倒したと思った相手が突然動いてきたのだ、ギーシュはそれに反応できず……擦り傷だらけの拳が彼の右頬に打ち込まれた。
「かはっ……」
ギーシュに覆い被さるようにサイトは倒れ込む。
それを見るとモンモランシーは直ぐに彼らの下に……正確に言えば、サイトの下に駆け付け、ボロボロになったその体へ杖を振るう。
「サイト、大丈夫!?何処が痛むの、すぐ治すわ……っ!」
「だ……だいじょーぶ、それ……よりも、ギーシュ……は?」
愛しい人の胸の中でサイトはギーシュのことを探す。
自分は勝ったのだろうか?勝ったのならギーシュに伝えなければ、モンモランシーは……お前の好きな女は、きっと俺が幸せにして見せると。

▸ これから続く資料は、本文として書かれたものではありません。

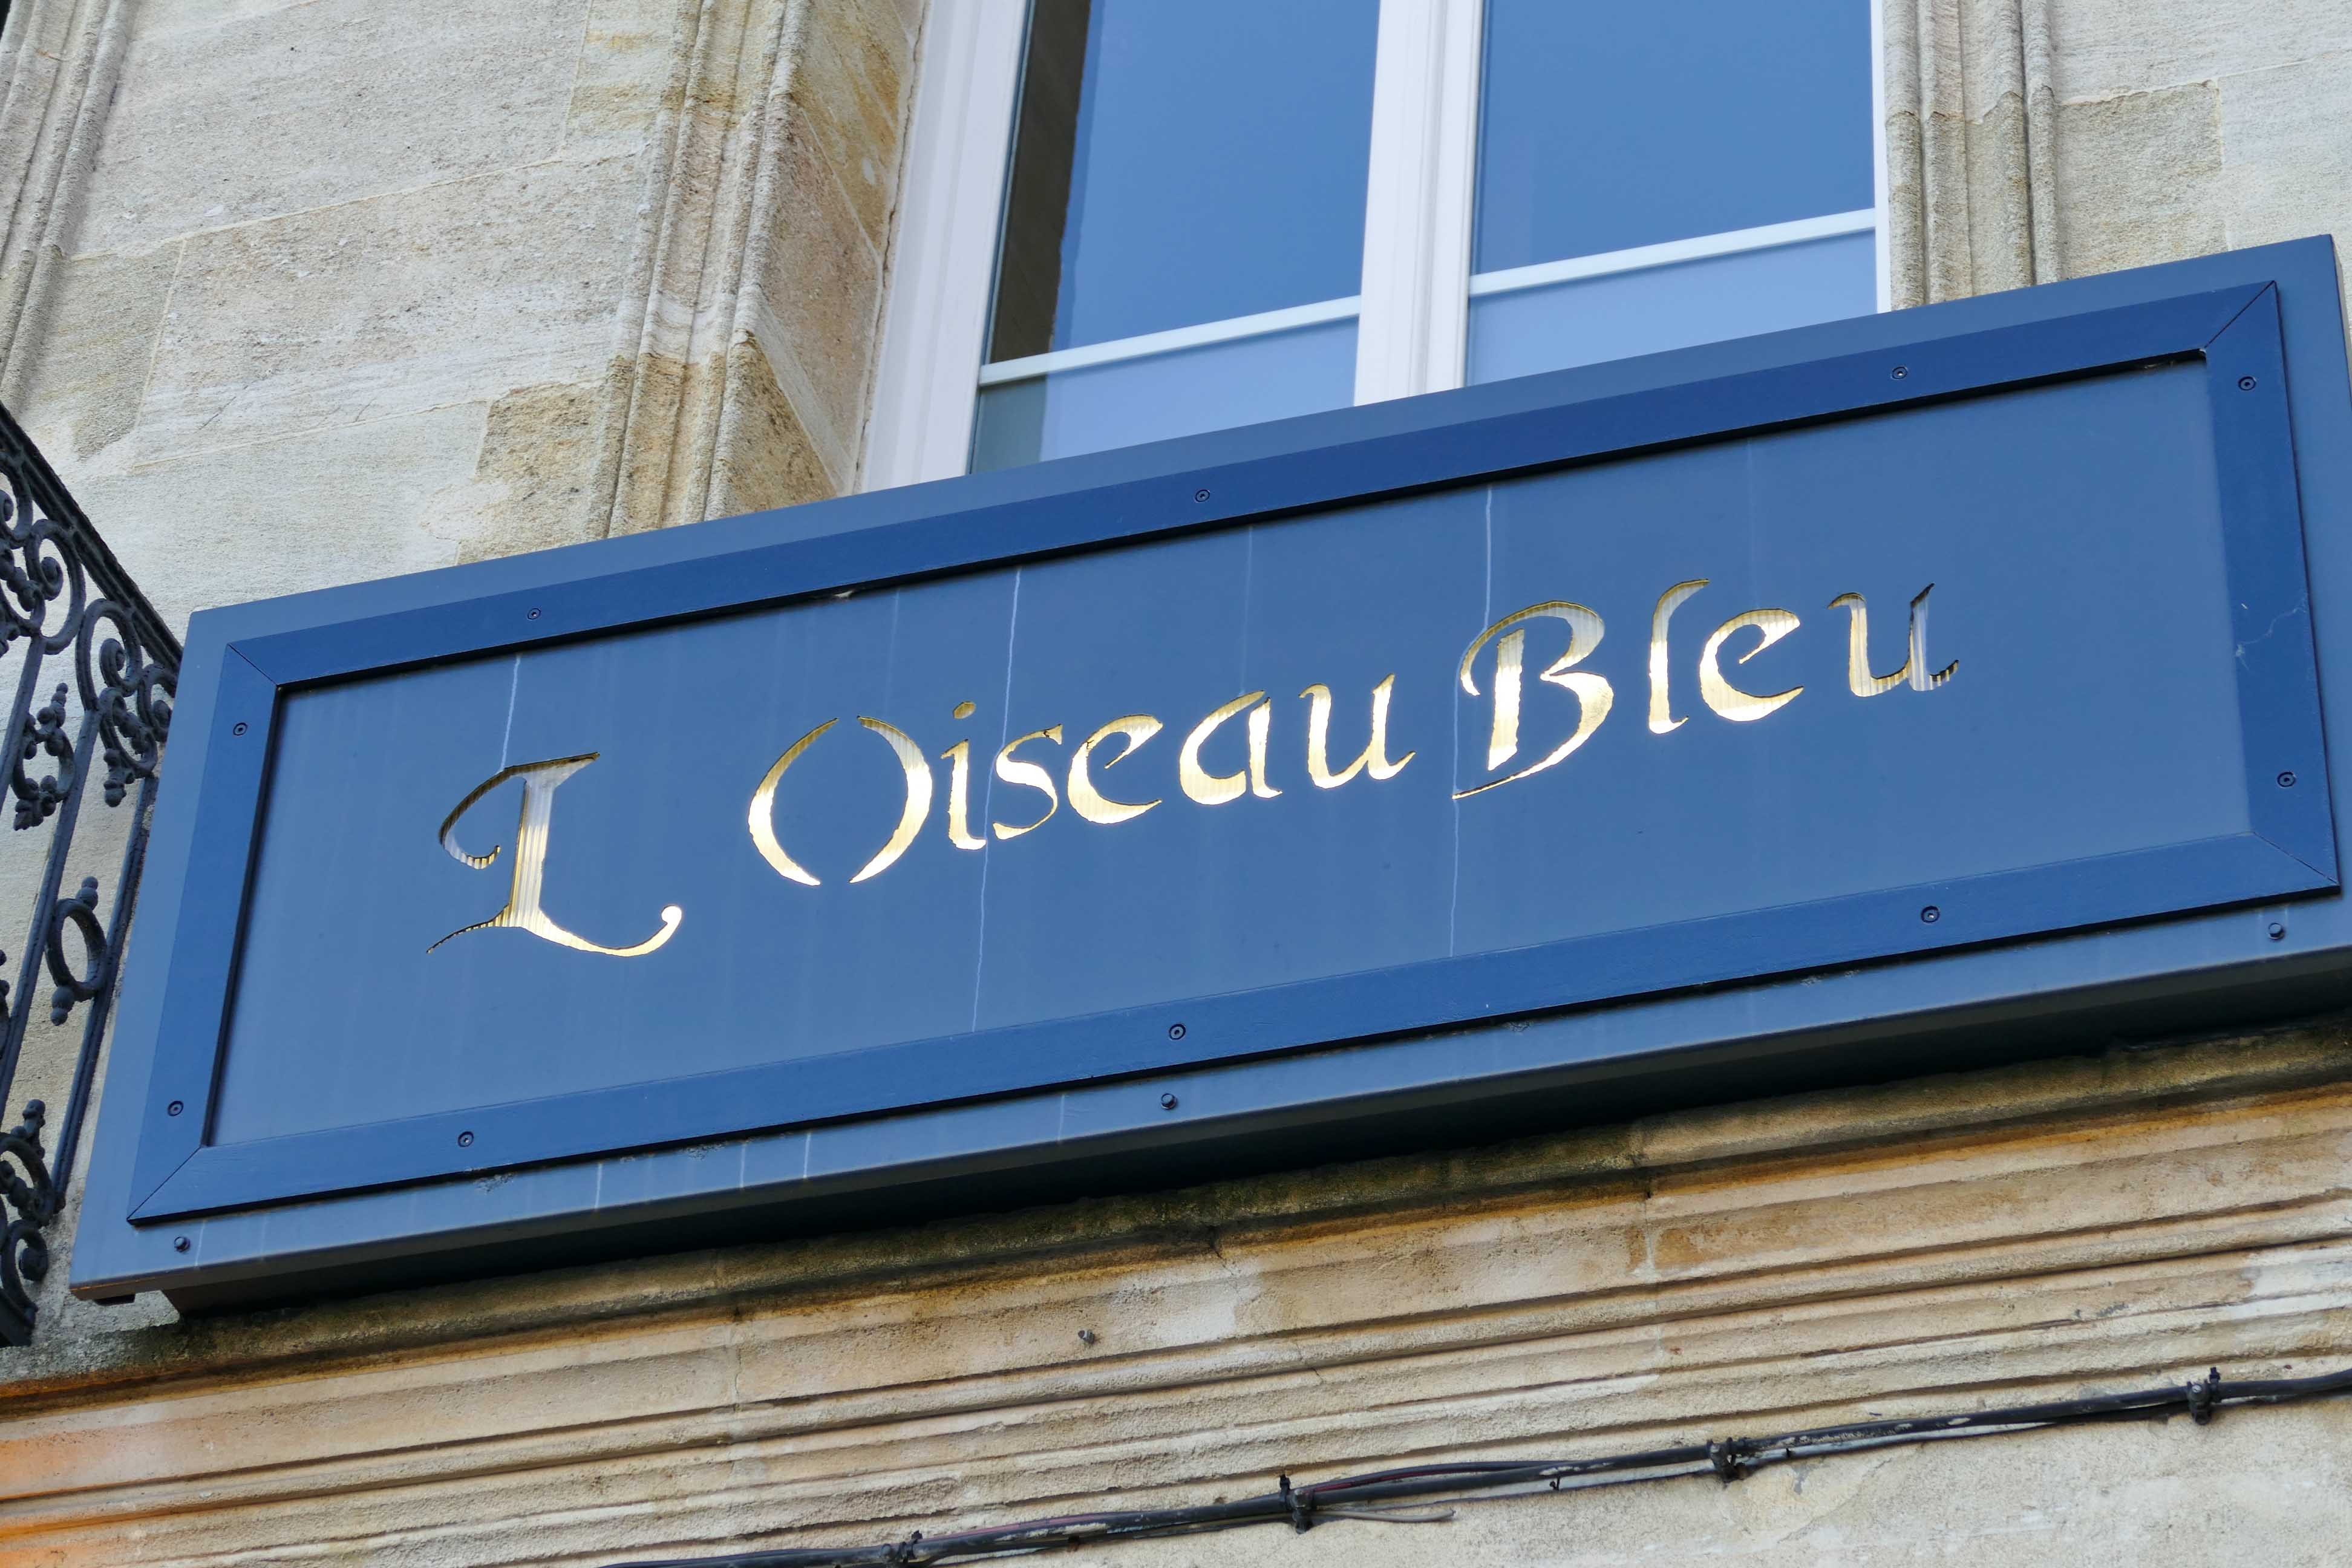 Beautiful l oiseau bleu bordeaux photos - Restaurant l oiseau bleu ...

でなければ、あそこまで彼女のことを思ってくれた彼へ申し訳ない。
サイトは霞む目で必死に彼のことを探し……そしてそれを見つけた。
「うっ、ぐぅぅうう……!クソッ、クソォ……!」
ギーシュは泣いていた。
悔しくて泣いているのではない、ギーシュは分かってしまったのだ。
モンモランシーは自分が彼女のことを思うよりもずっと、サイトのことを愛しているのだと。
そしてサイトもそれと同じくらいモンモランシーのことを愛している、でなければ最後の攻撃など決して行えなかった筈だ。
自分は……最初から彼らの間に入ることは出来なかったのだ。
「僕の……負けだ、僕なんかよりもずっと!君は……サイトはモンモランシーのことを愛している」
「……ギーシュ」
夕日を背にきっ、と力強くギーシュはサイトのことを睨み付ける。
その鋭い視線から目を逸らさず、サイトはそれを受け止め、睨み返した。
「……モンモランシーを幸せにしろよ、でないと僕は君を許さない」
「勿論、モンモランシーは絶対に……俺が幸せにしてやる、約束だ」
ギーシュの言葉にサイトは力強く頷く。
こうしてギーシュとサイト、モンモランシーを巡る争いは終わりを迎えた。
だが……まだ終わらない、彼らを争うように仕組んだ元凶へのお仕置きはこれからだ。